Segment Open
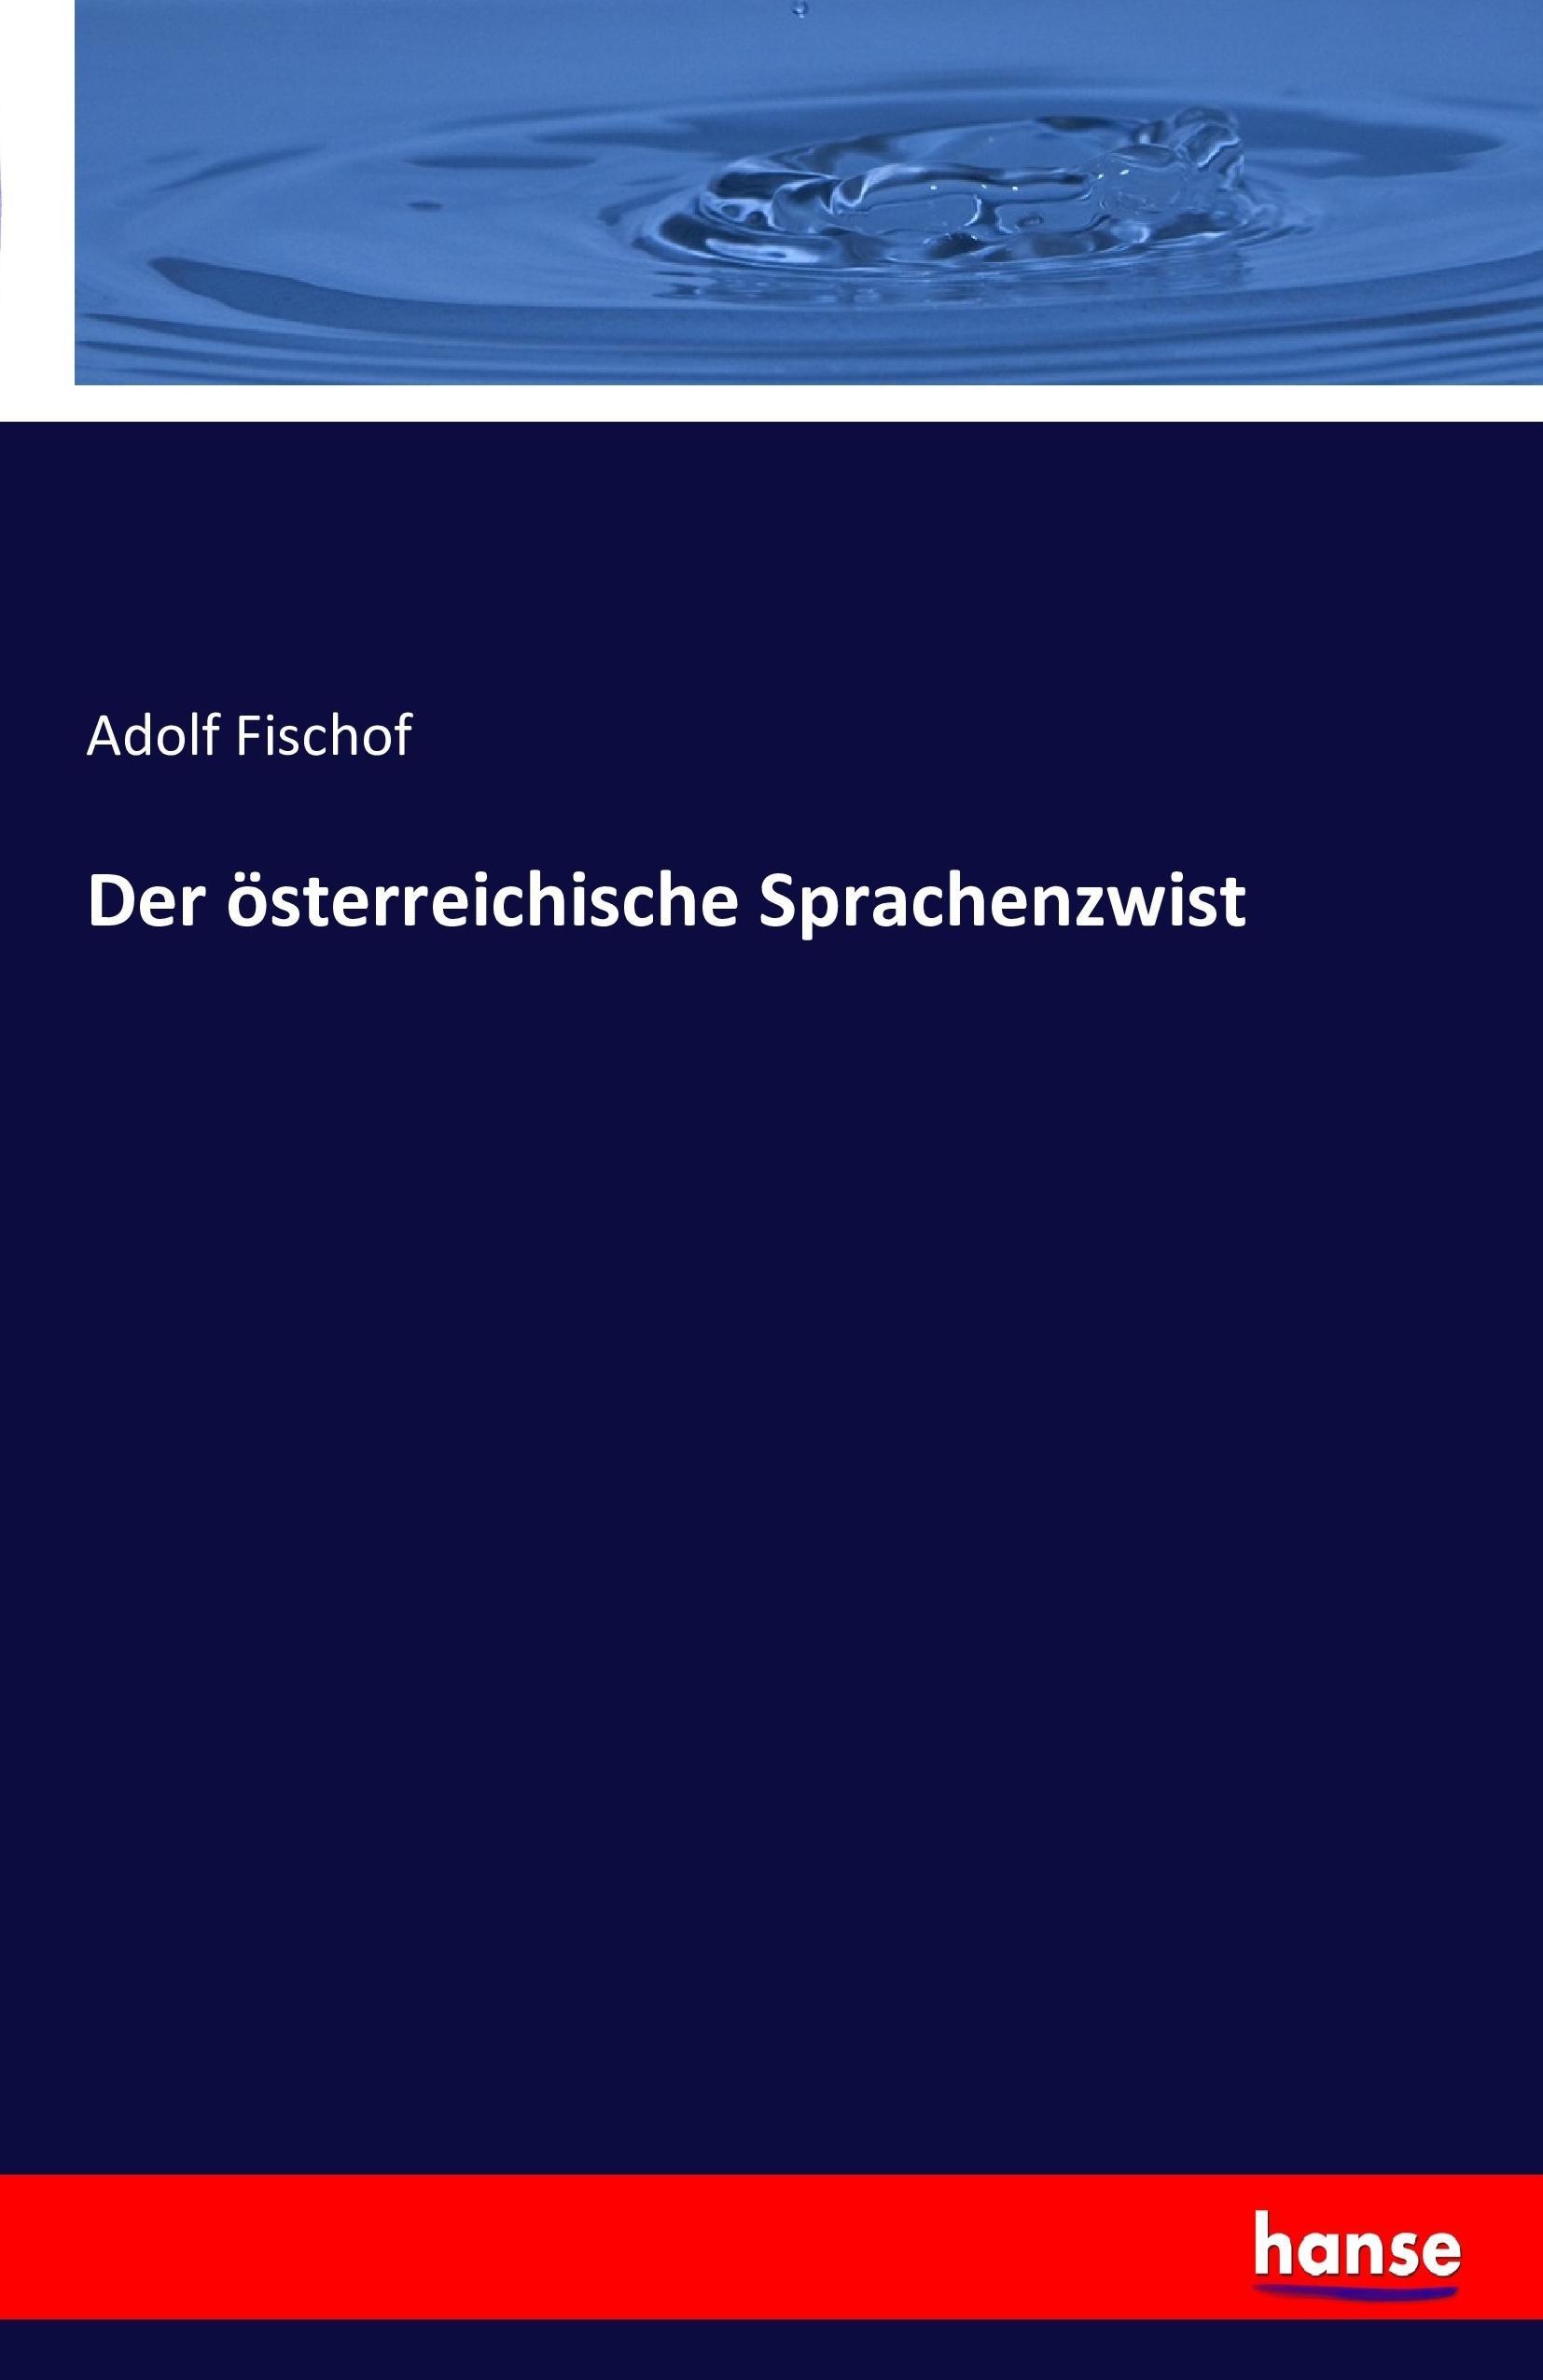 Der oesterreichische Sprachenzwist - Fischof, Adolf
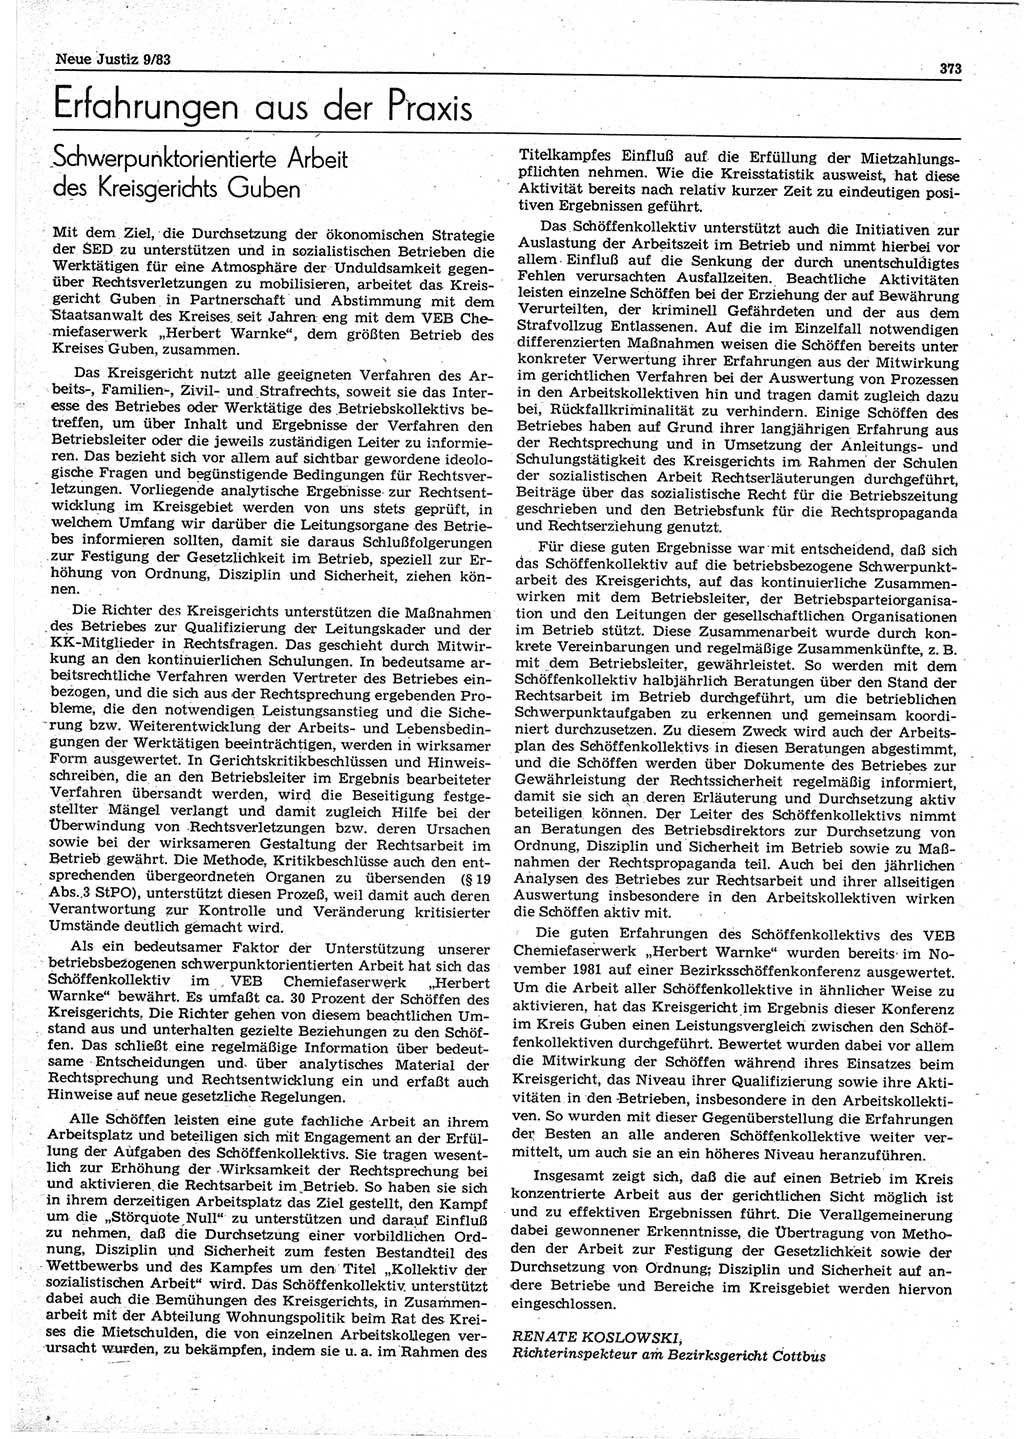 Neue Justiz (NJ), Zeitschrift für sozialistisches Recht und Gesetzlichkeit [Deutsche Demokratische Republik (DDR)], 37. Jahrgang 1983, Seite 373 (NJ DDR 1983, S. 373)
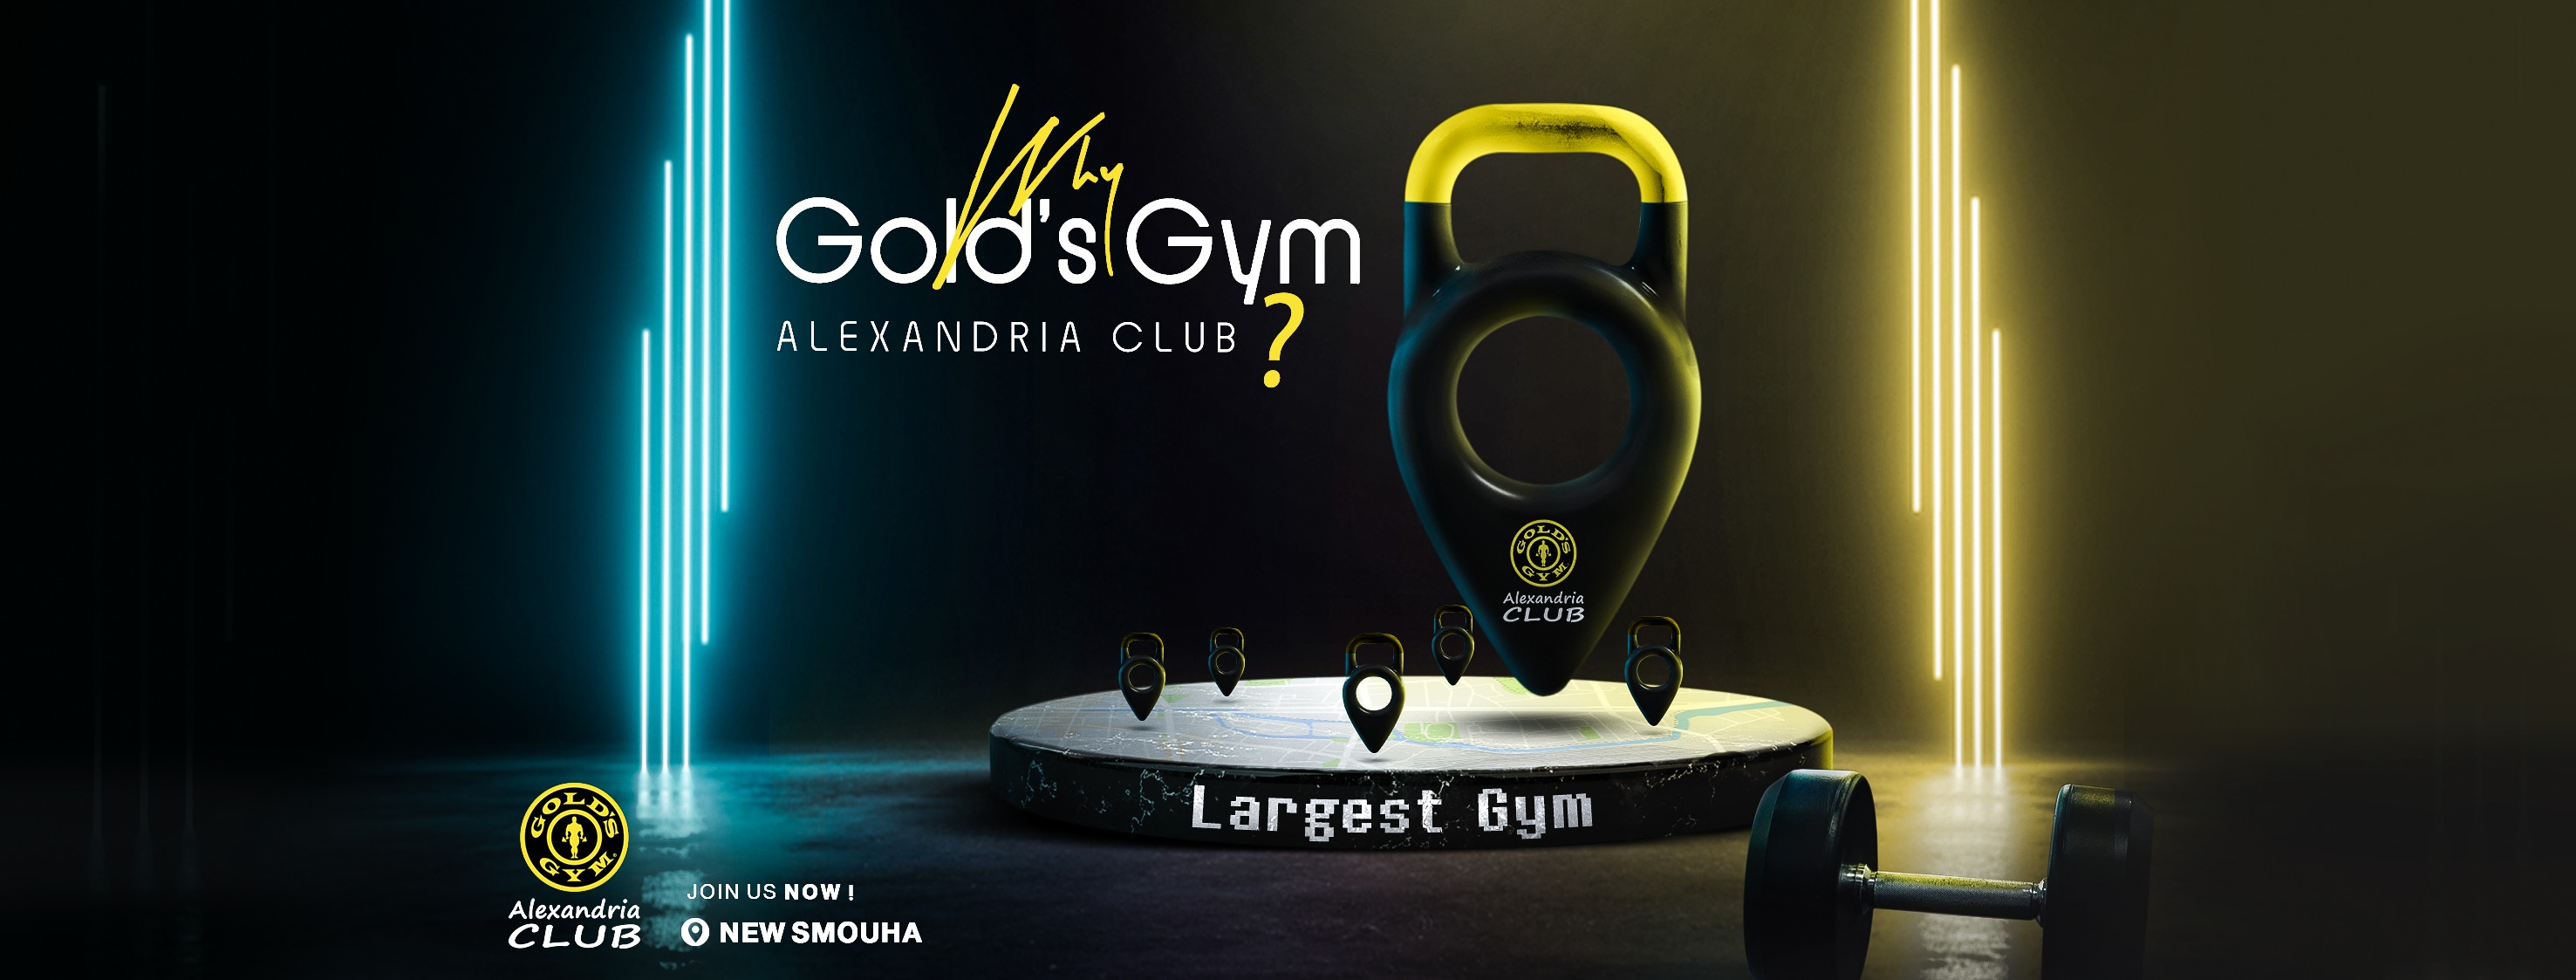 Gold's Gym Alex Club
Segment Closed
◆ **Work required**: Output the material above exactly as written and drop any images it holds.

◆ **Response for this exercise**:
 Der oesterreichische Sprachenzwist - Fischof, Adolf
 Neue Justiz (NJ), Zeitschrift für sozialistisches Recht und Gesetzlichkeit [Deutsche Demokratische Republik (DDR)], 37. Jahrgang 1983, Seite 373 (NJ DDR 1983, S. 373)
 Gold's Gym Alex Club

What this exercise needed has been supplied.